Output exactly, and only, the lines below from the one with "Живой динозавр в наше время фото" down to the one with "Hude, Deutschland, 07.07.2020: Fotos". Include both end lines and no pictures.

▶ **INPUT DATA**
━━━━━━━━
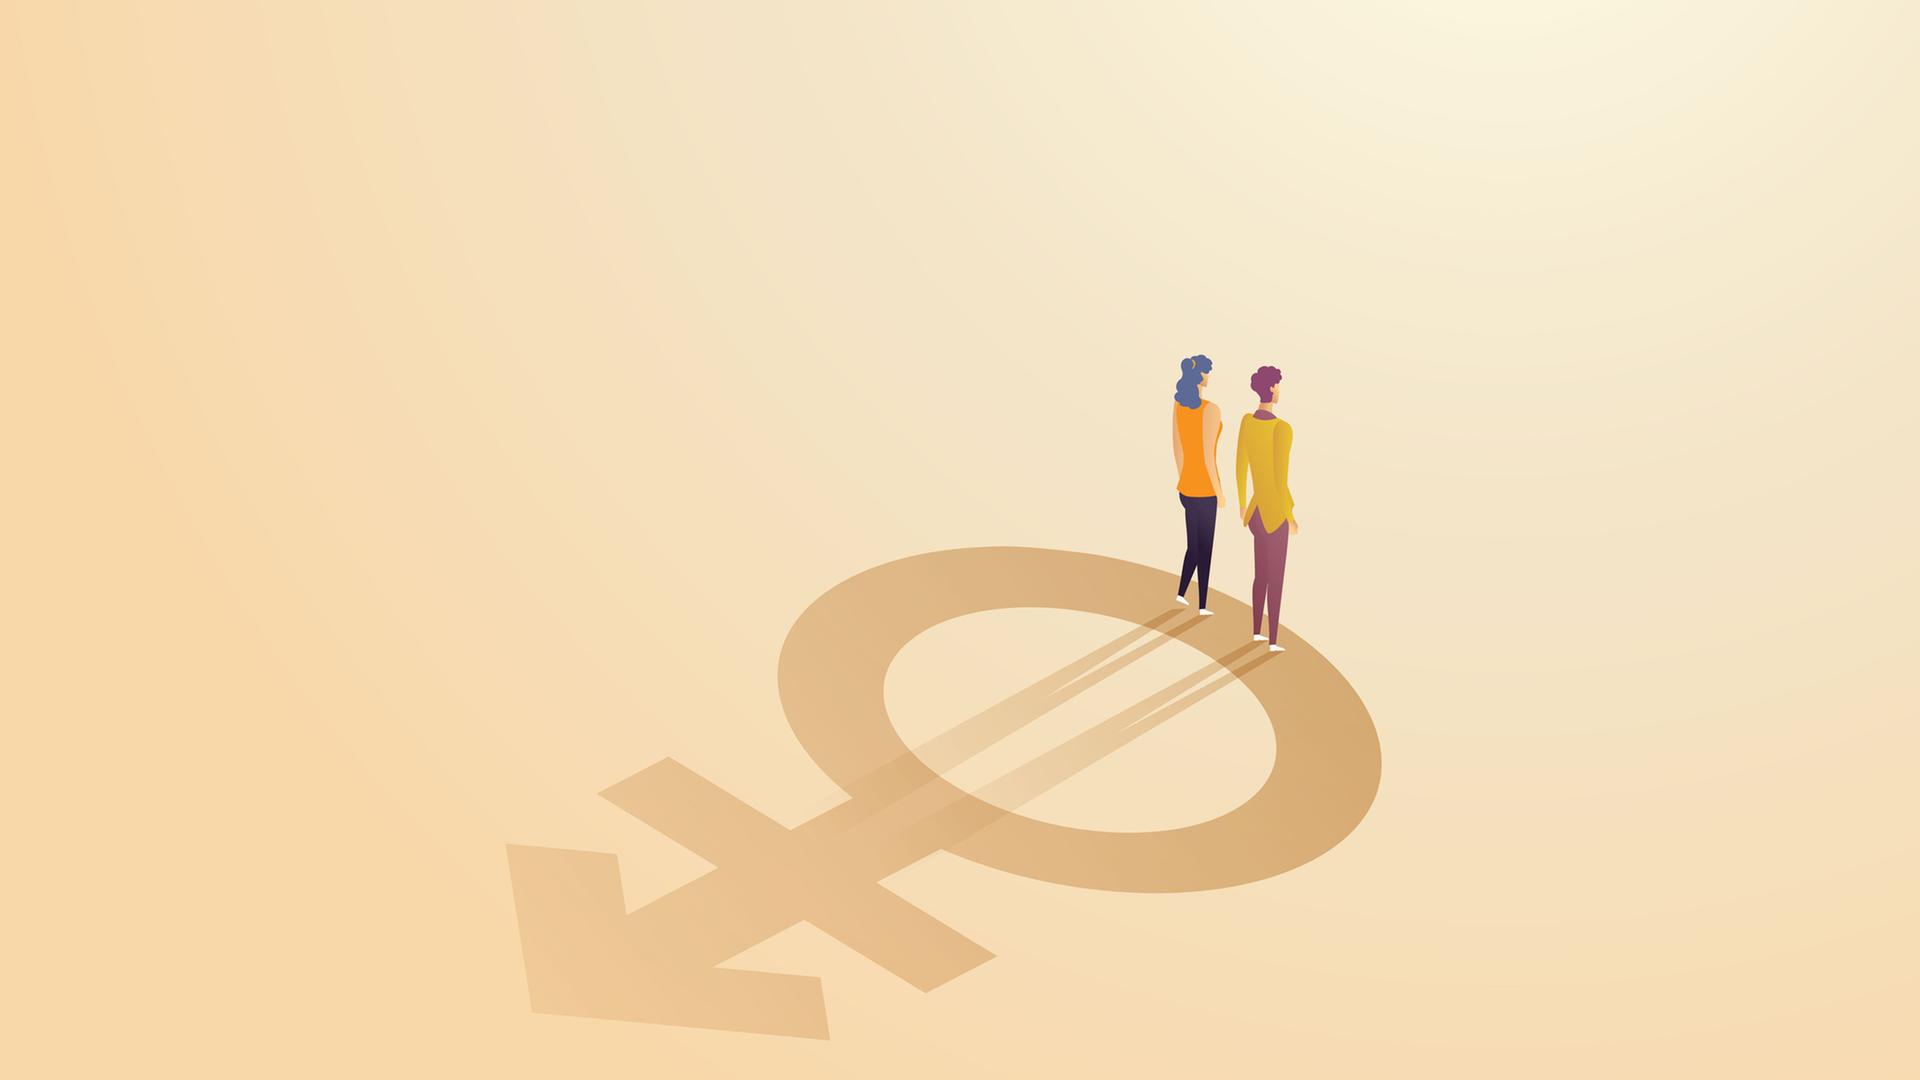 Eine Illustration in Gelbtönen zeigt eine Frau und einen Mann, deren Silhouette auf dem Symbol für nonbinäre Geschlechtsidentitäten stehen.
━━━━━━━━
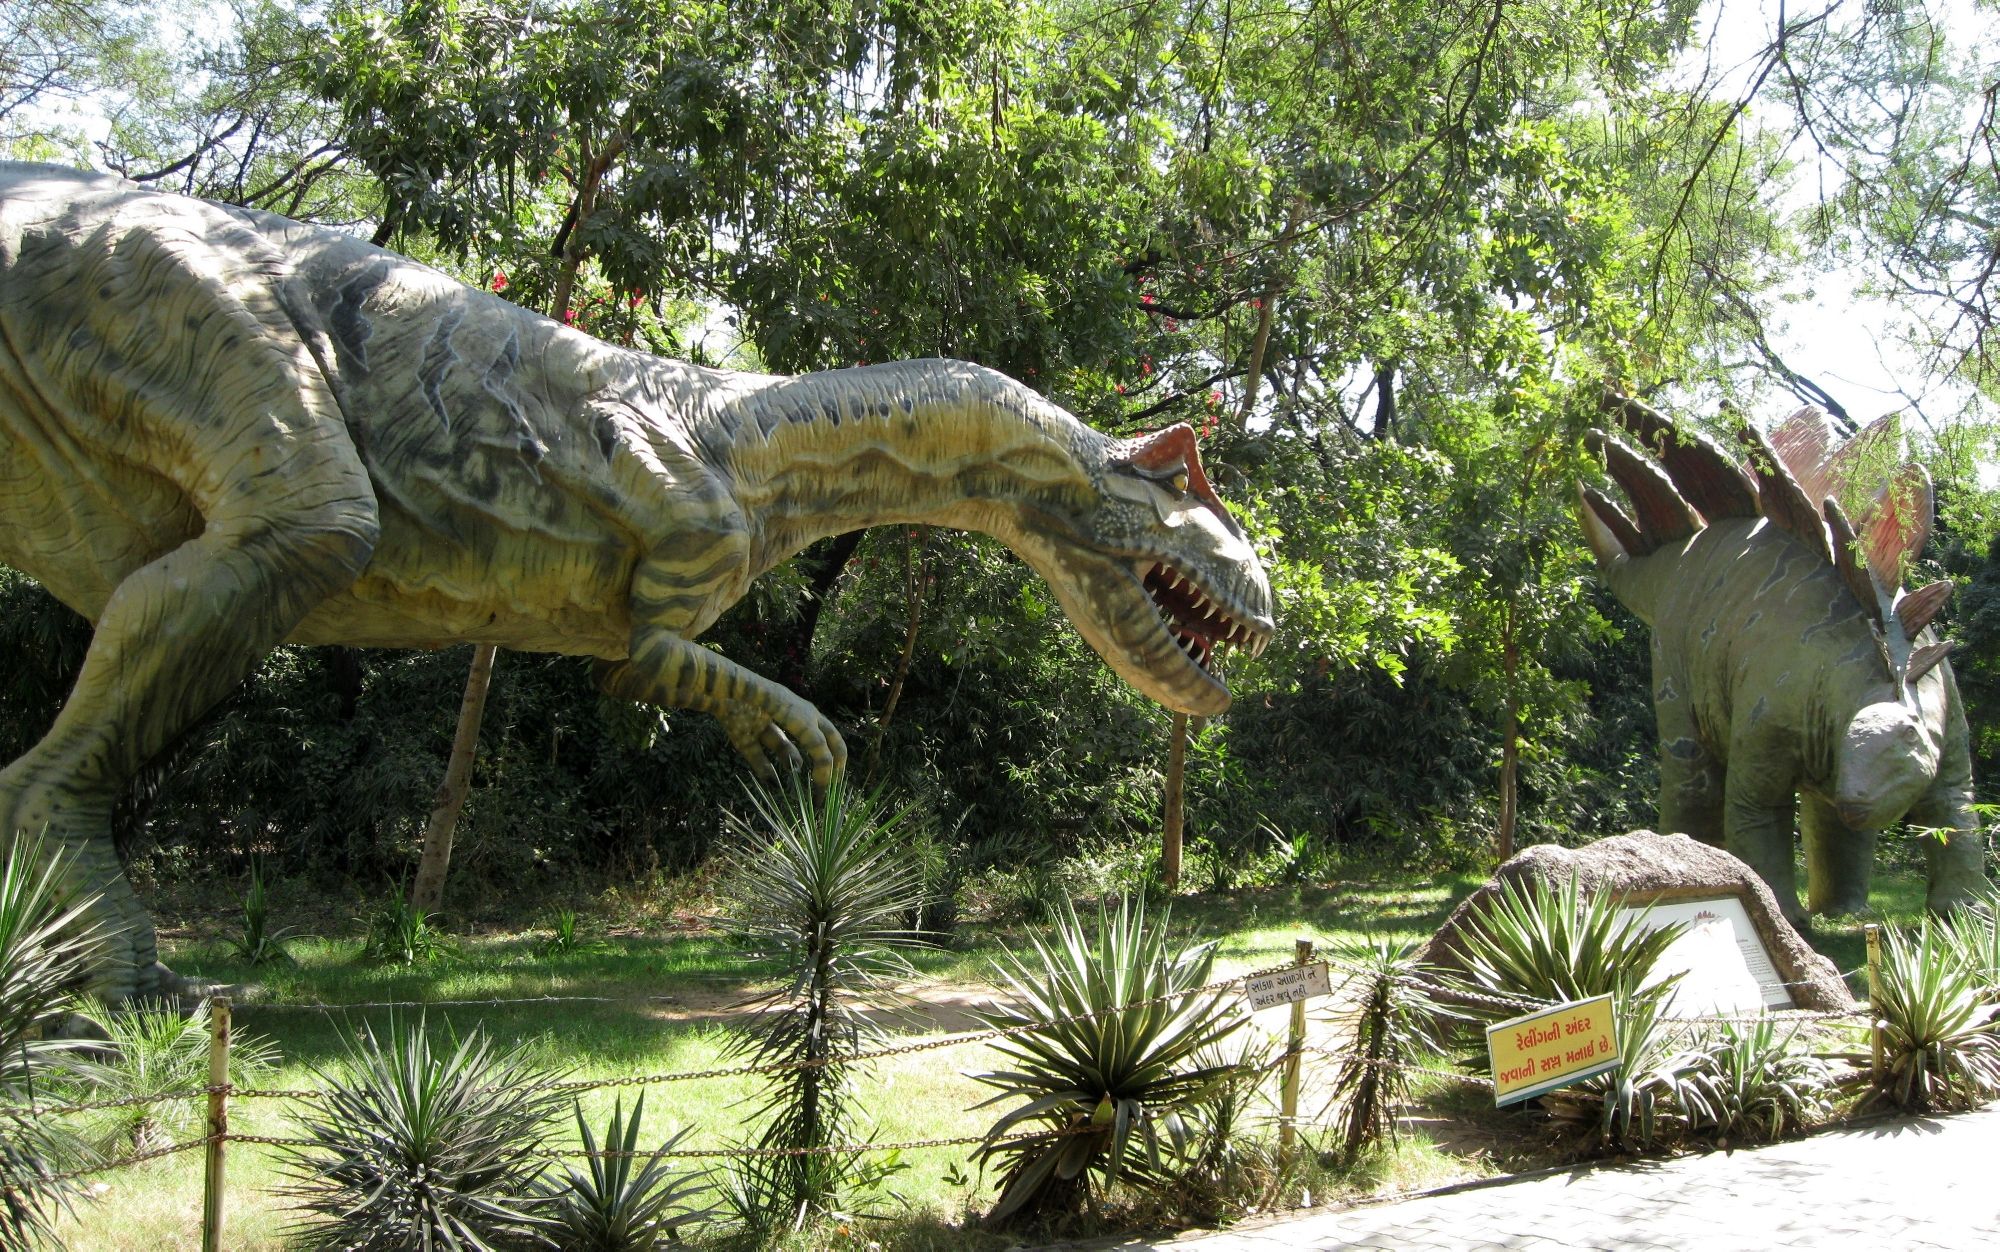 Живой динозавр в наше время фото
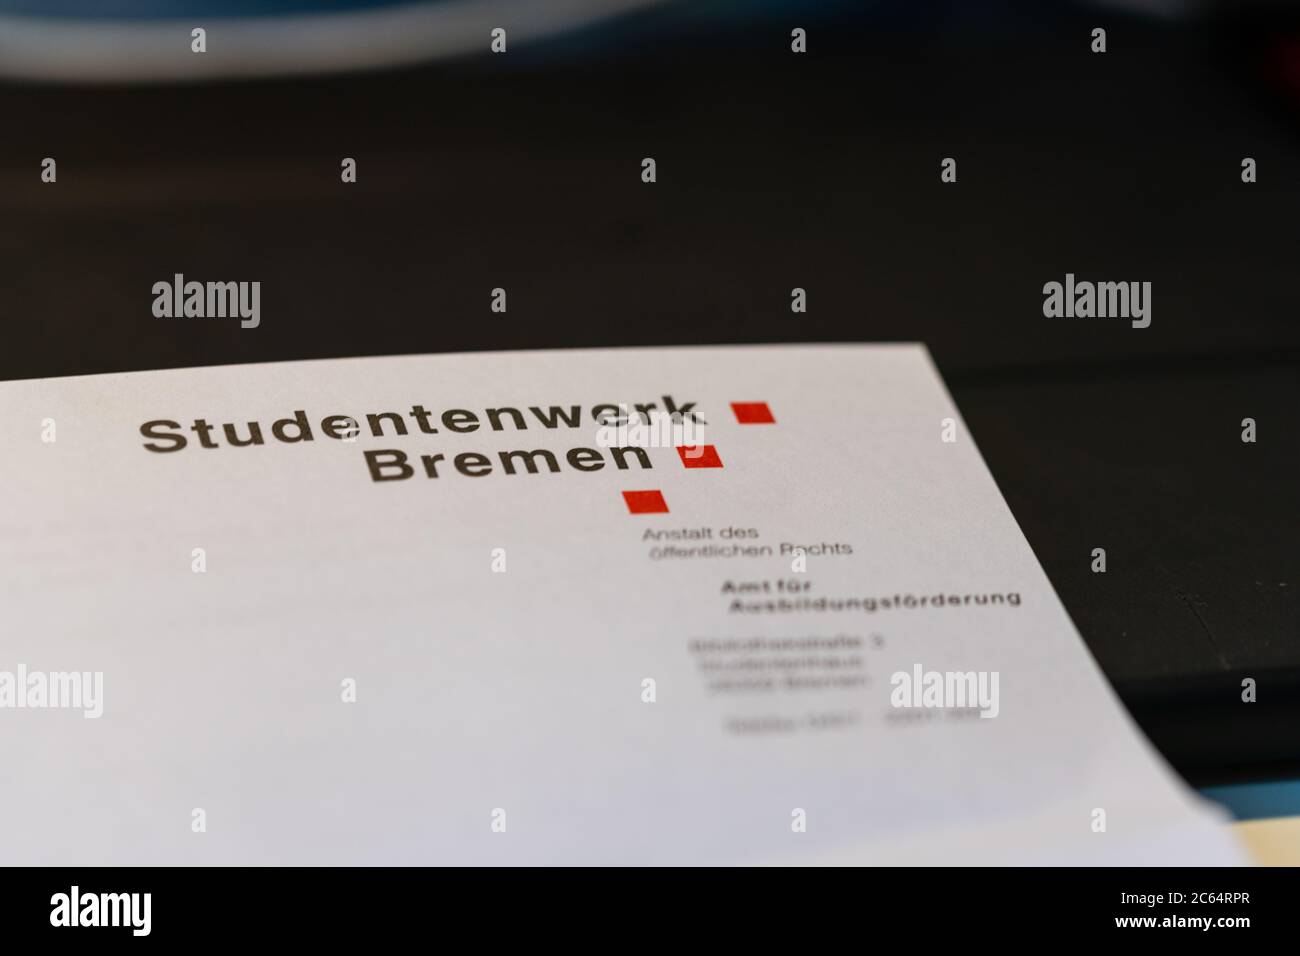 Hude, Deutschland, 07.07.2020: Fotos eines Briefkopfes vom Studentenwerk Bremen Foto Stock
━━━━━━━━
▶ **WRITTEN ANSWER**
 Живой динозавр в наше время фото
 Hude, Deutschland, 07.07.2020: Fotos eines Briefkopfes vom Studentenwerk Bremen Foto Stock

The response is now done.